Valid Java, inclutivejava
Enumeration
The enum type added in Java 1.5...
Enum type is a set of fixed constants, such as four seasons and poker colors.
Before enum type occurs, an int constant is usually used to represent the enumeration type.
For example:
public static final int APPLE_FUJI = 0;public static final int APPLE_PIPPIN = 1;public static final int APPLE_GRANNY_SMITH = 2;public static final int ORANGE_NAVEL = 0;public static final int ORANGE_TEMPLE = 1;public static final int ORANGE_BLOOD = 2;
If you just want to use it as an enumeration, it feels nothing like this.
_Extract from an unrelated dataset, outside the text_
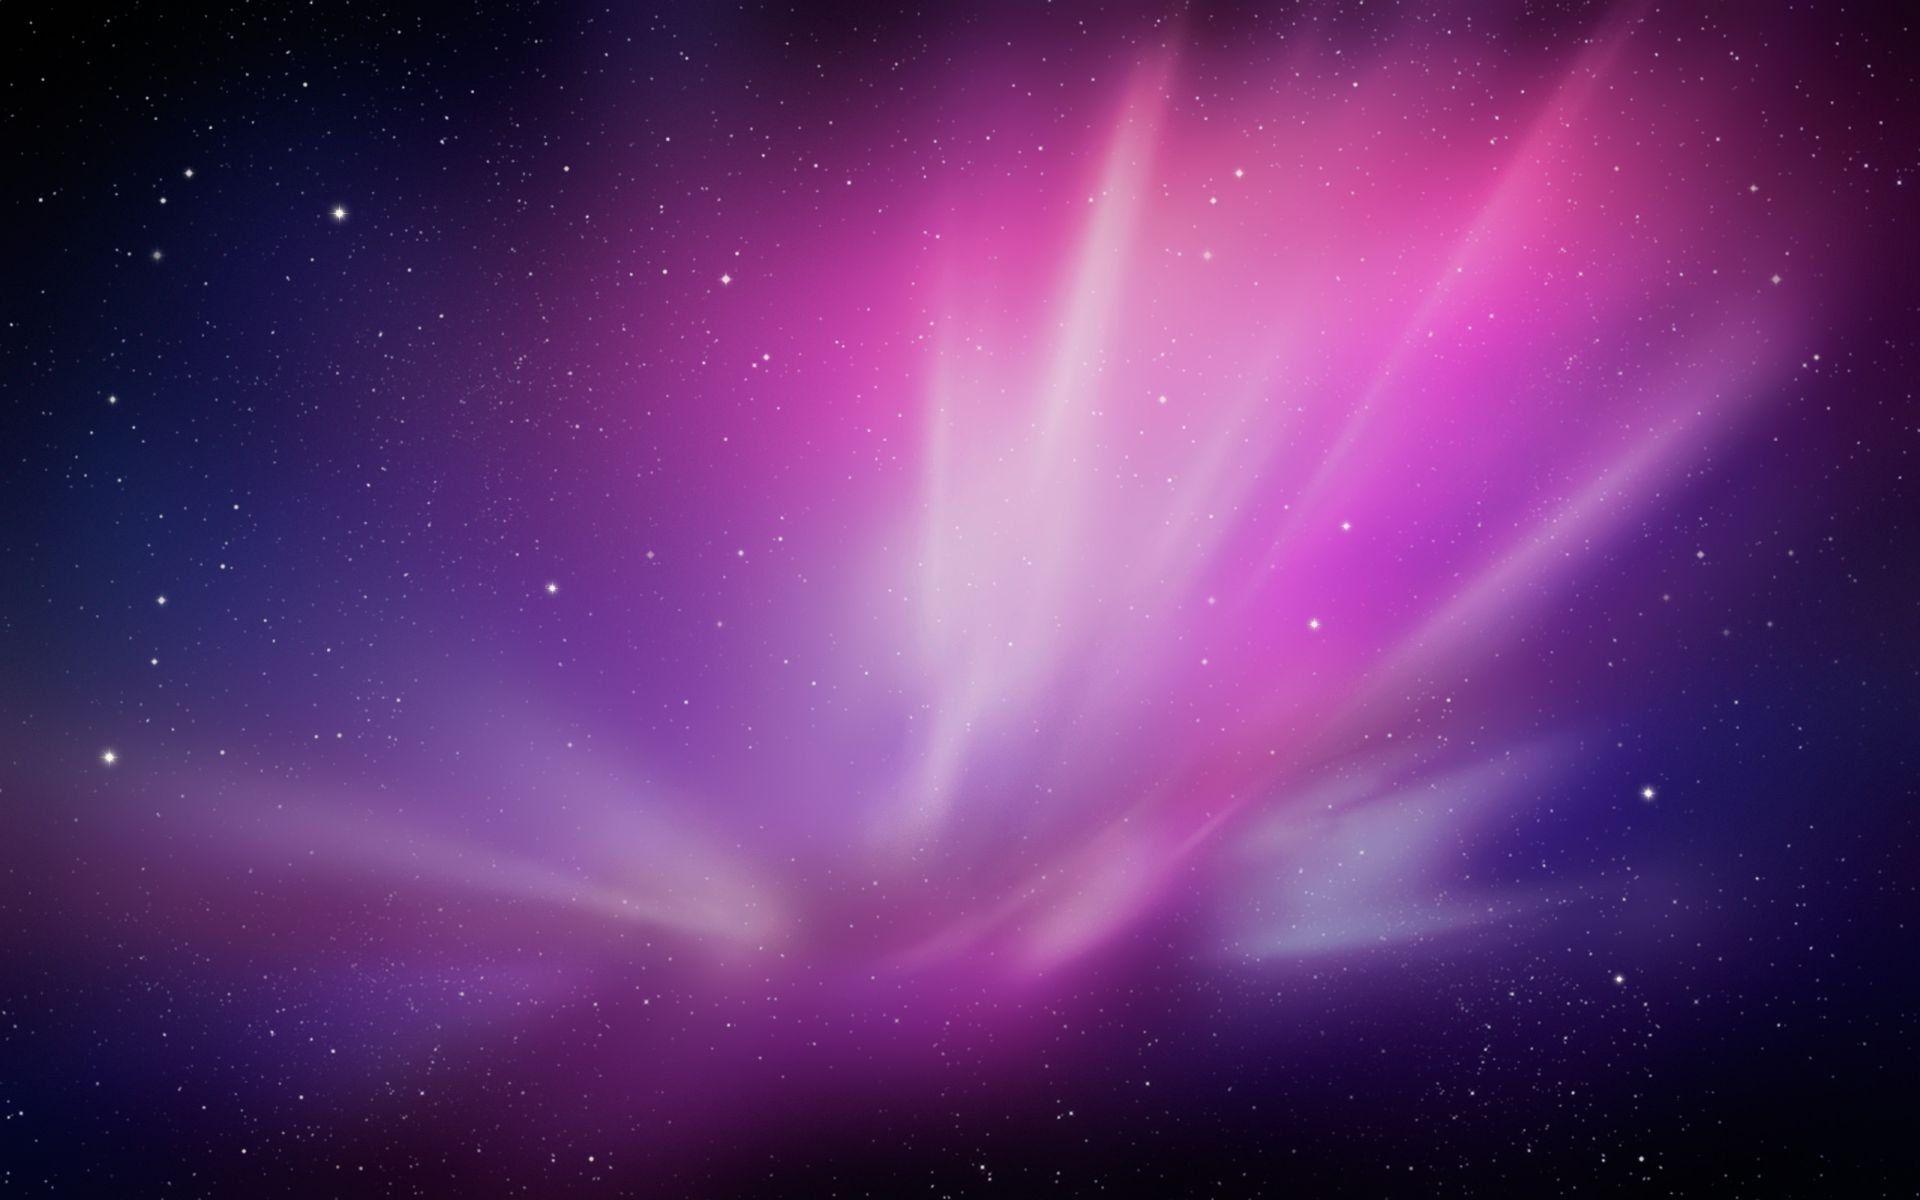 The Galaxy S4 Wallpaper I Just Pinned: Light Night Sky Star Samsung Galaxy S Wallpapers HD 1000

However, if you compare the above apples with oranges, or write them ....
int i = (APPLE_FUJI - ORANGE_TEMPLE) / APPLE_PIPPIN;
Although legal but surprised, is this juice?
In addition, this constant is a compile-time constant. After compilation, everything ends and the place where this constant is used is replaced with the value of this constant.
If the constant value needs to be changed, all code that uses the constant must be re-compiled.
Even worse, it can run normally without re-compiling, but with unpredictable results.
(Ps: I think what's worse is that someone directly writes the constant value to the code ...)
In addition, for example, the APPLE_FUJI above, I want to print its name, not its value.
Besides, I want to print all the apple types.
Of course, if you want to print it, you can simply use enum, which is very troublesome.
If you use enum, for example:
public enum Apple { FUJI, PIPPIN, GRANNY_SMITH } public enum Orange { NAVEL, TEMPLE, BLOOD }
It looks like a bunch of constants, but enum does not have an instance or an accessible constructor and cannot be expanded.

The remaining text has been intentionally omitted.